WHAT IS REQUIRED: Copy out and return the lines from the one holding "Халидом аль саудом." to the end of the listing below, both included, omitting the pictures.

GIVEN INFORMATION:

────

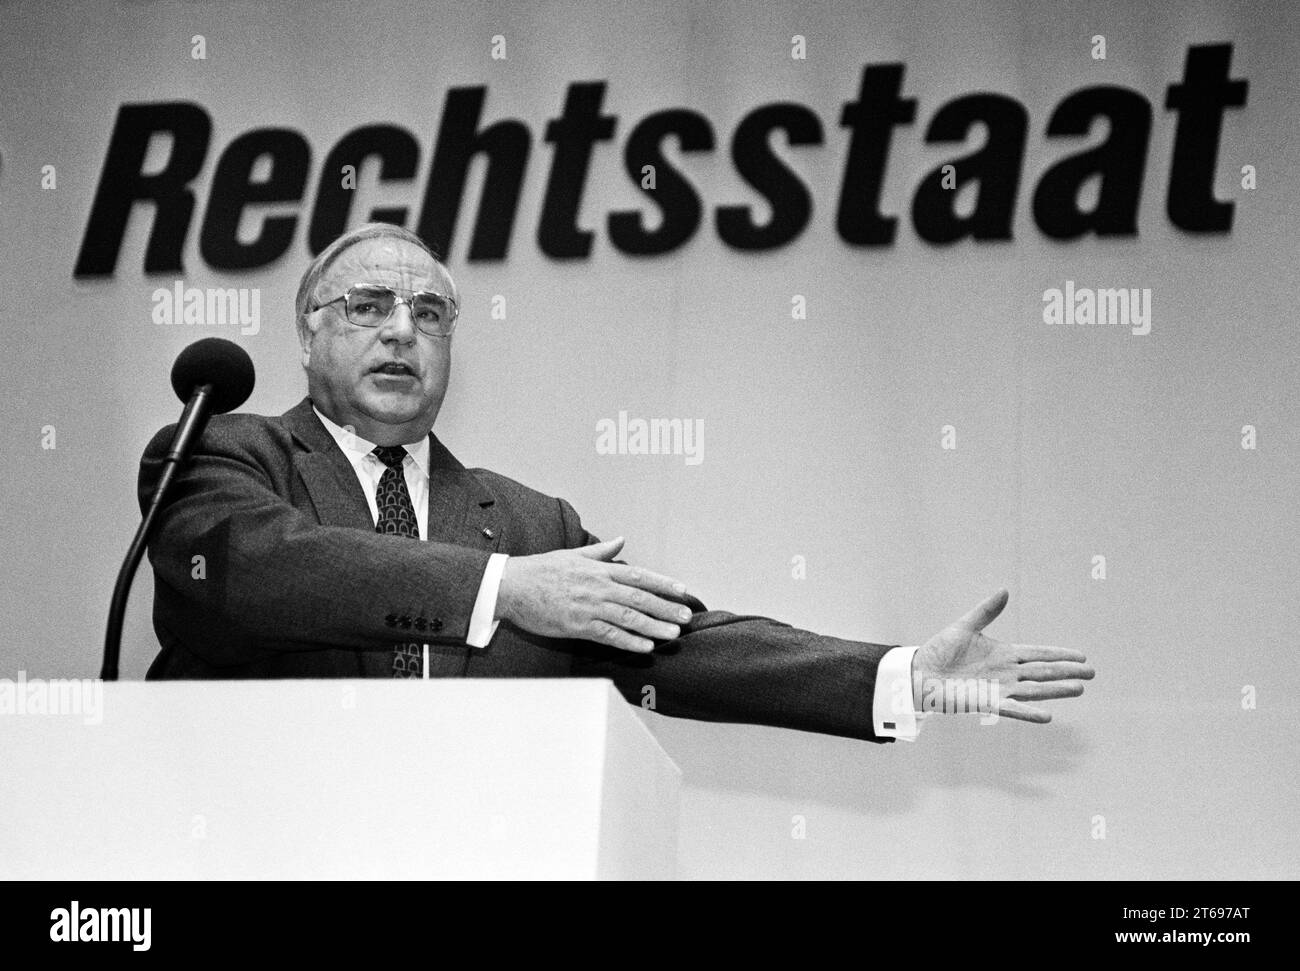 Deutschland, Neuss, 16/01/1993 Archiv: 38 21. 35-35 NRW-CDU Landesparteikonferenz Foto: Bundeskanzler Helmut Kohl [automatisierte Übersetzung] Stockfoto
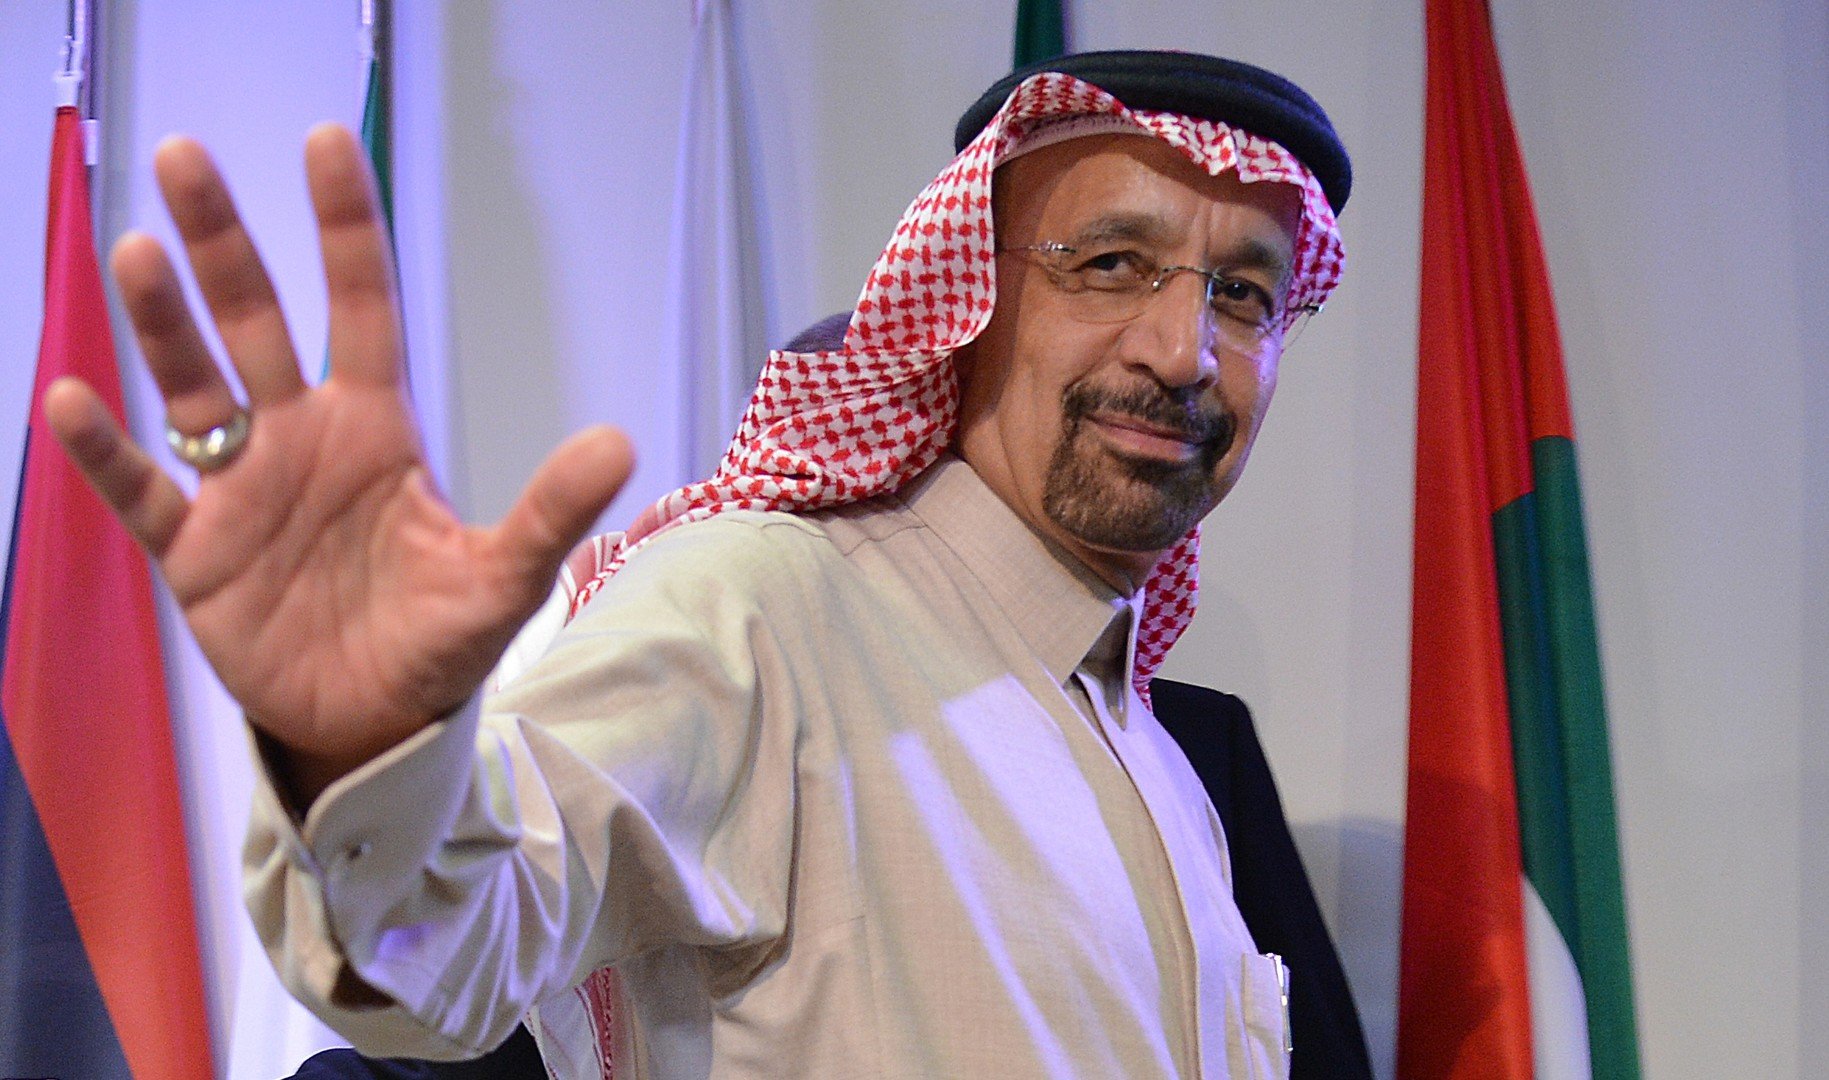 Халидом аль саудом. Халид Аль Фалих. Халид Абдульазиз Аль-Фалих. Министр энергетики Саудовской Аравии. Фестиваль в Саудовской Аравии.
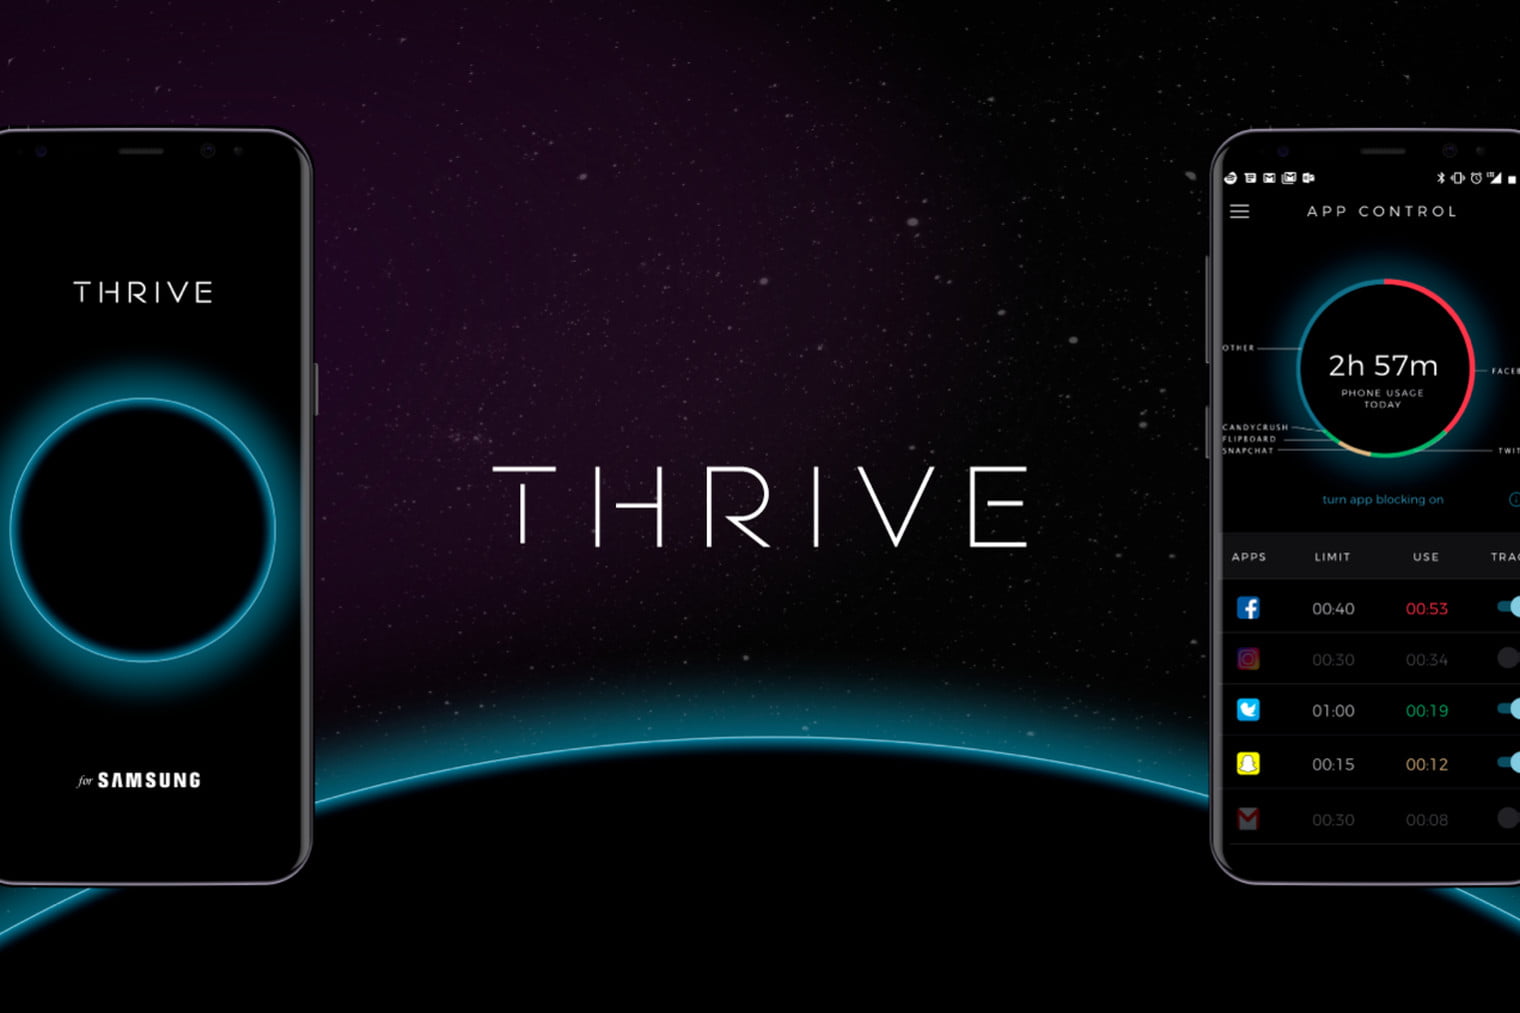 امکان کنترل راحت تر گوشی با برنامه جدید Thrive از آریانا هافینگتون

────

EXERCISE RESPONSE:
 Халидом аль саудом. Халид Аль Фалих. Халид Абдульазиз Аль-Фалих. Министр энергетики Саудовской Аравии. Фестиваль в Саудовской Аравии.
 امکان کنترل راحت تر گوشی با برنامه جدید Thrive از آریانا هافینگتون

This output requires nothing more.